WHAT TO WORK ON: The reply should be an exact repeat of the listing, with no pictures in it.

PROVIDED DATA:

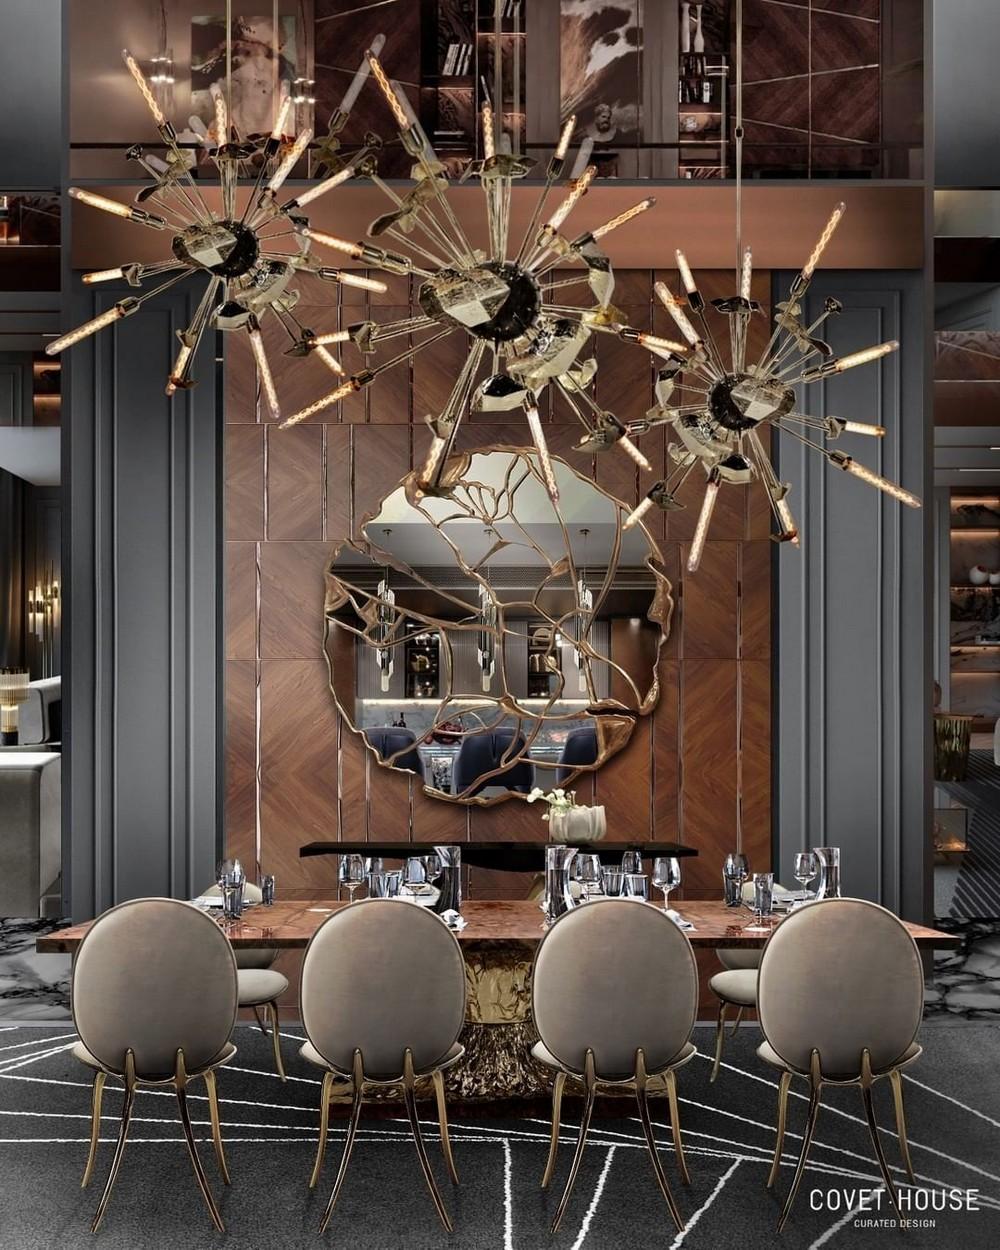 Comedores lujuosos: Inspiraciónes perfectas para un Diseño de interior moderno comedores lujuosos Comedores lujuosos: Inspiraciónes perfectas para un Diseño de interior moderno 9
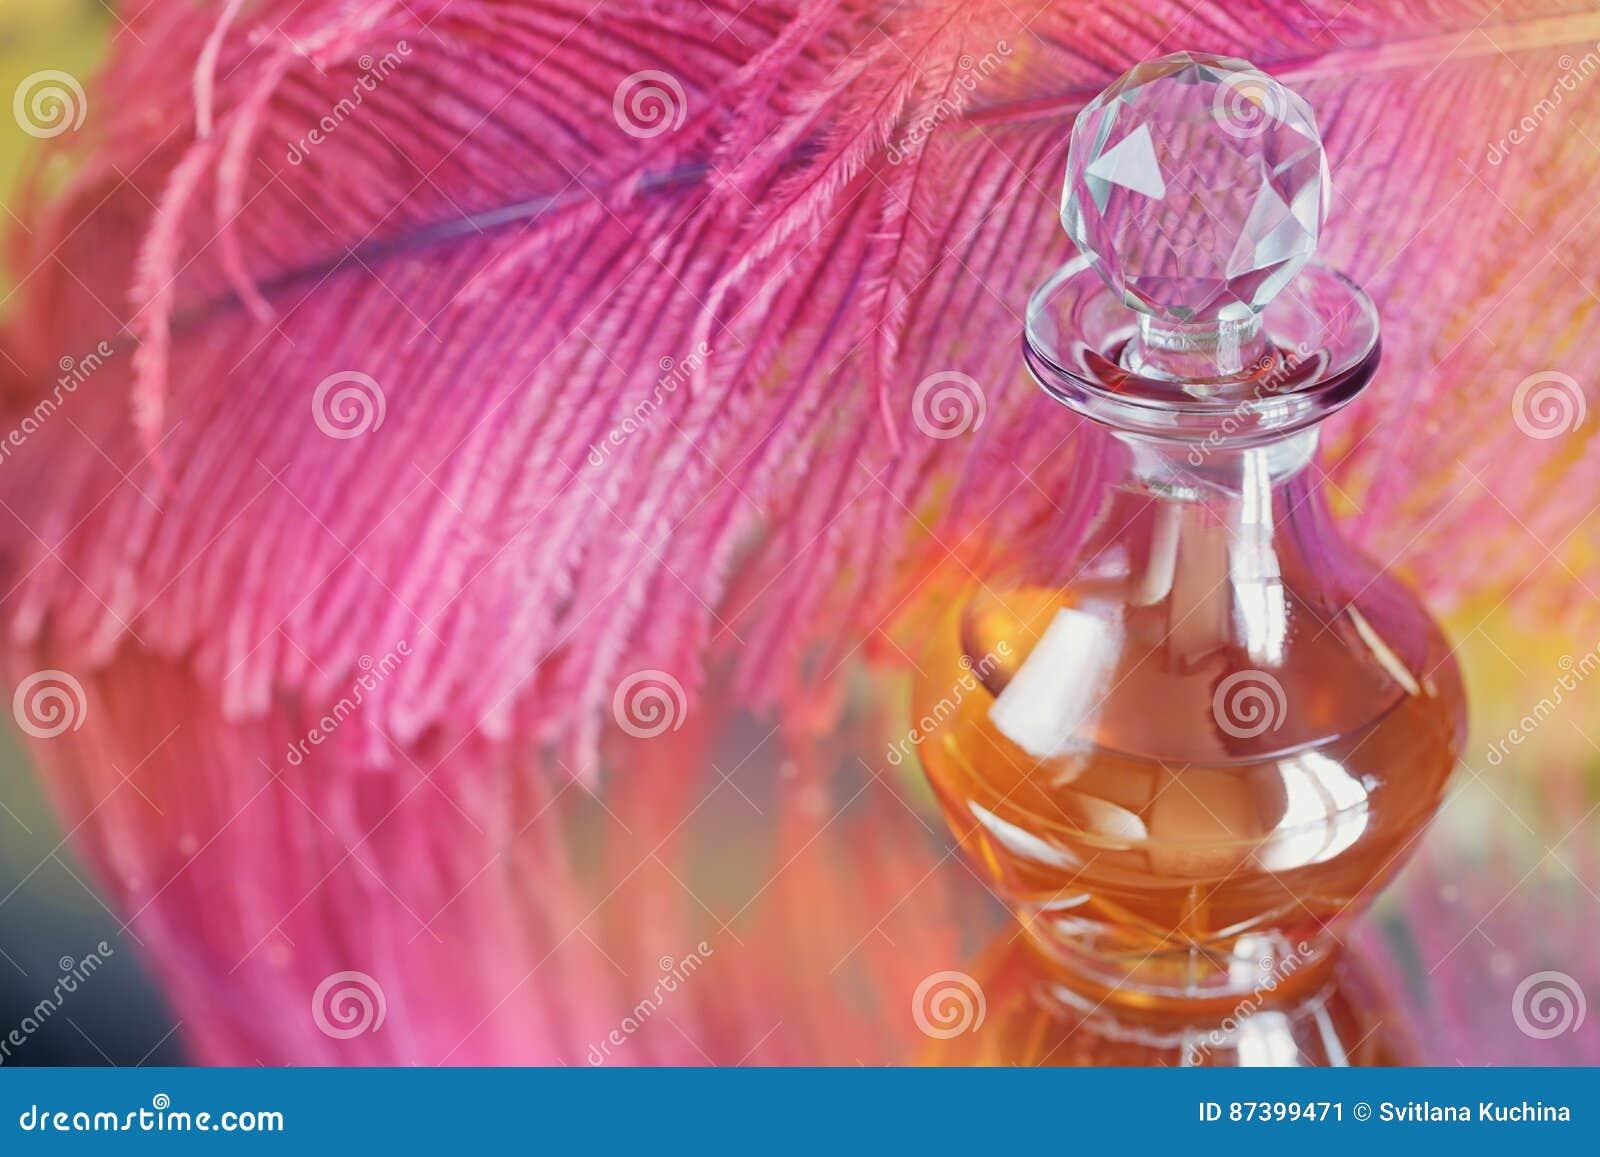 Schöner Hintergrund mit purpurroter Feder und Flasche von parfümiert
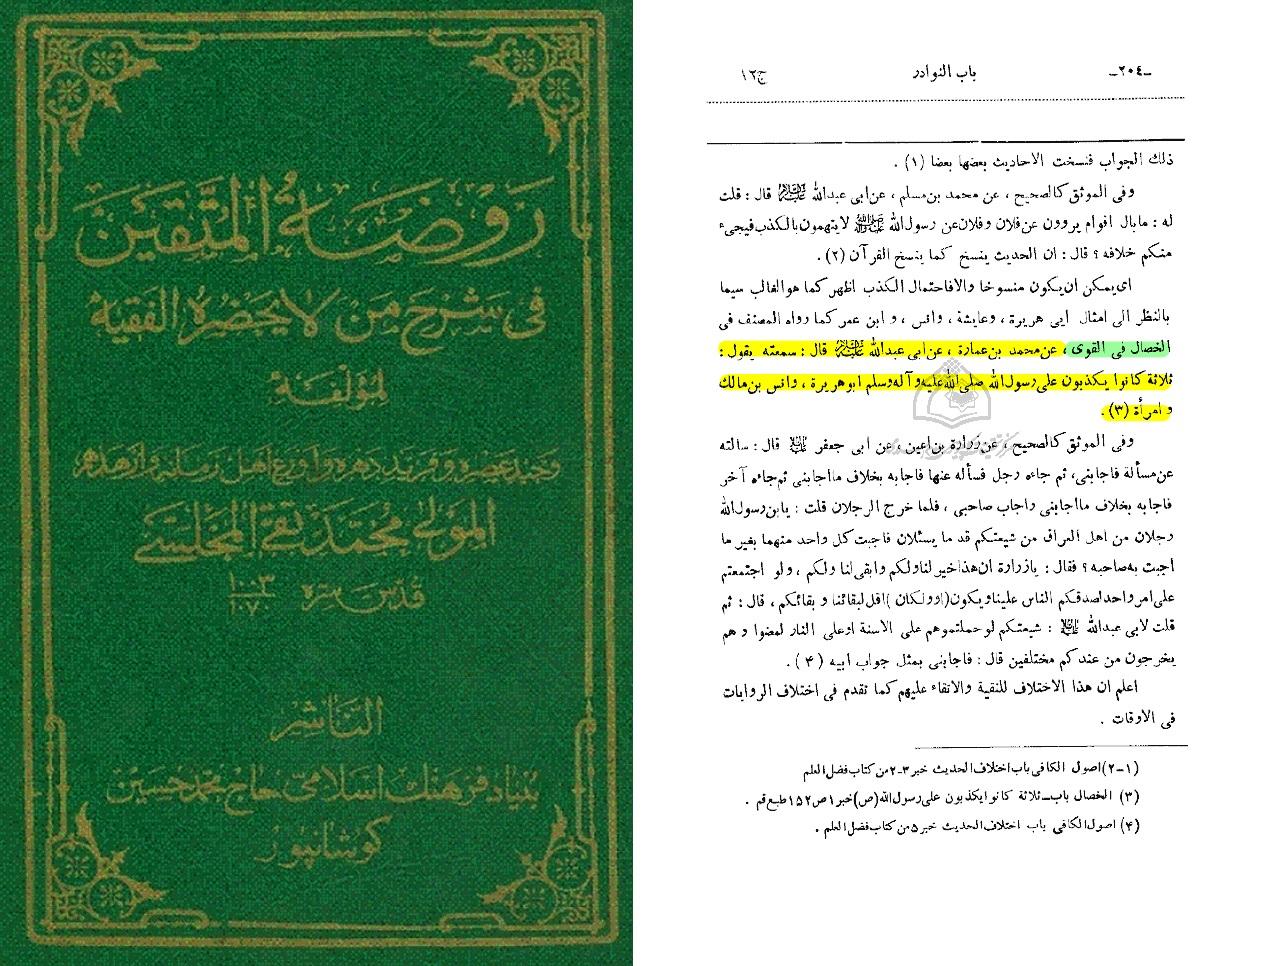 sharh-ul-faqih-band-12-seite-204
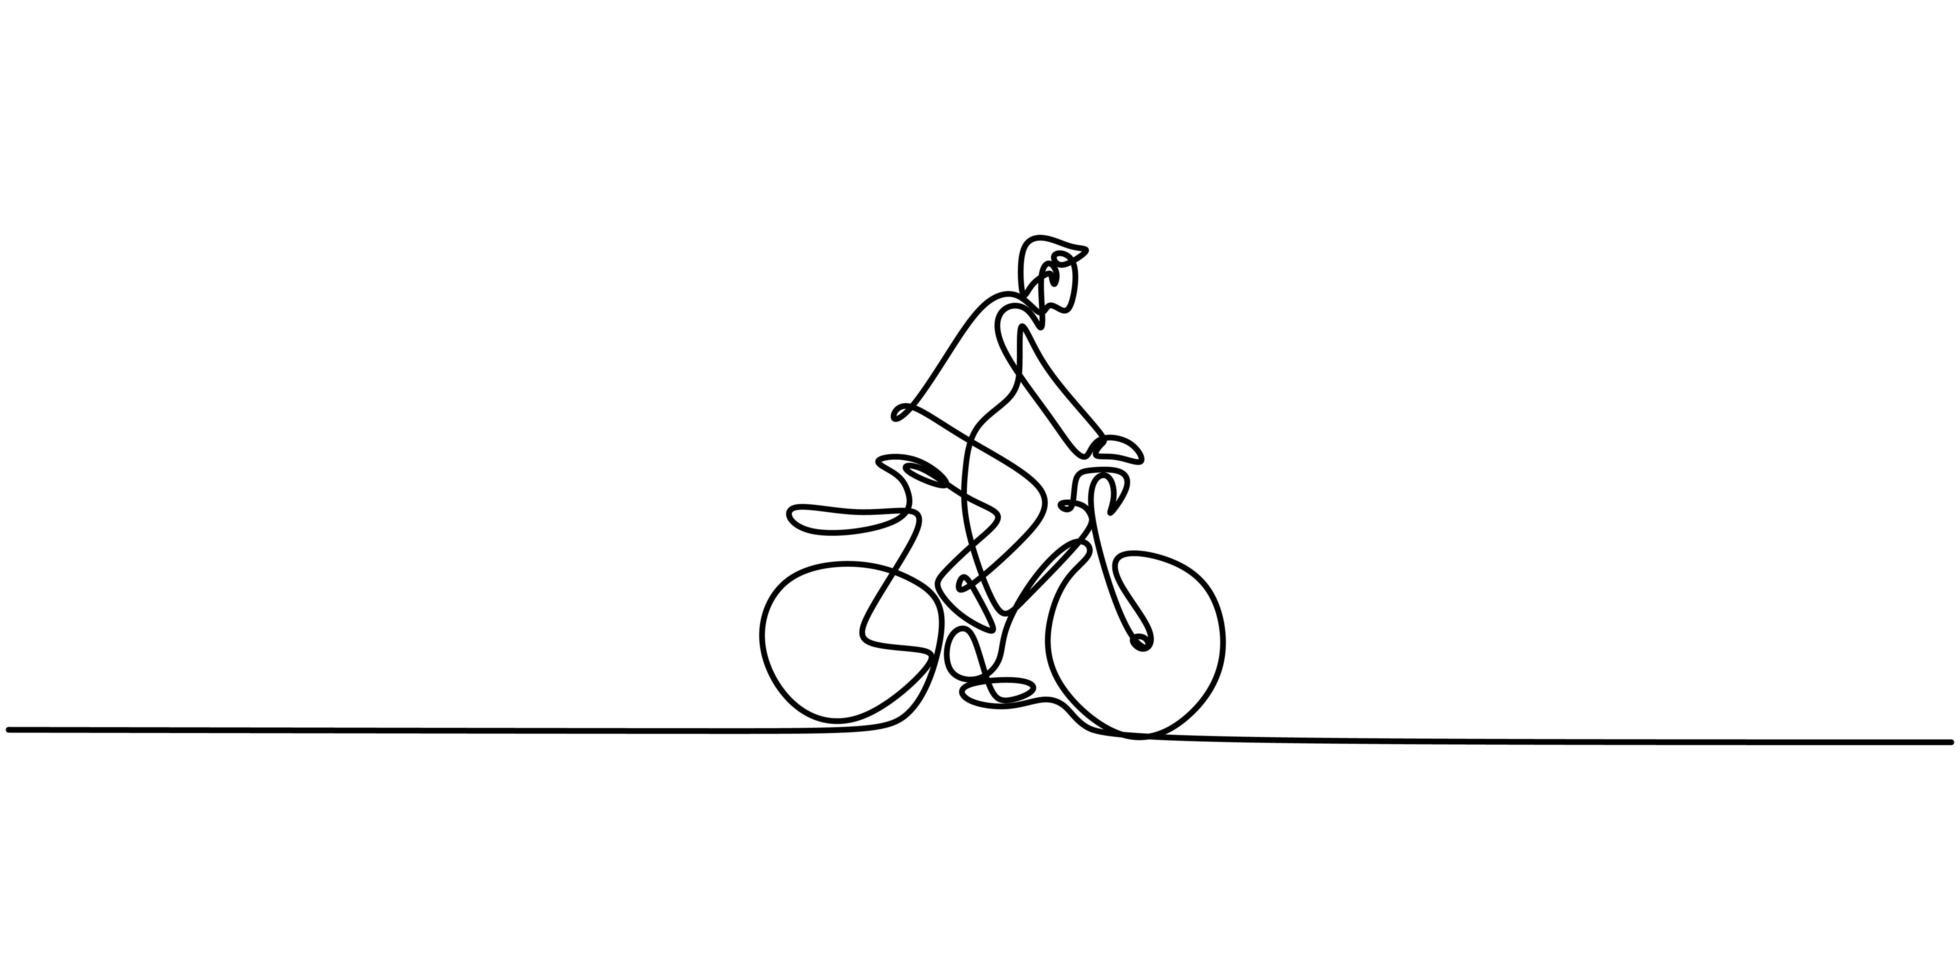 contínuo um desenho de linha homem de bicicleta. vetor

WORKED SOLUTION:
 Comedores lujuosos: Inspiraciónes perfectas para un Diseño de interior moderno comedores lujuosos Comedores lujuosos: Inspiraciónes perfectas para un Diseño de interior moderno 9
 Schöner Hintergrund mit purpurroter Feder und Flasche von parfümiert
 sharh-ul-faqih-band-12-seite-204
 contínuo um desenho de linha homem de bicicleta. vetor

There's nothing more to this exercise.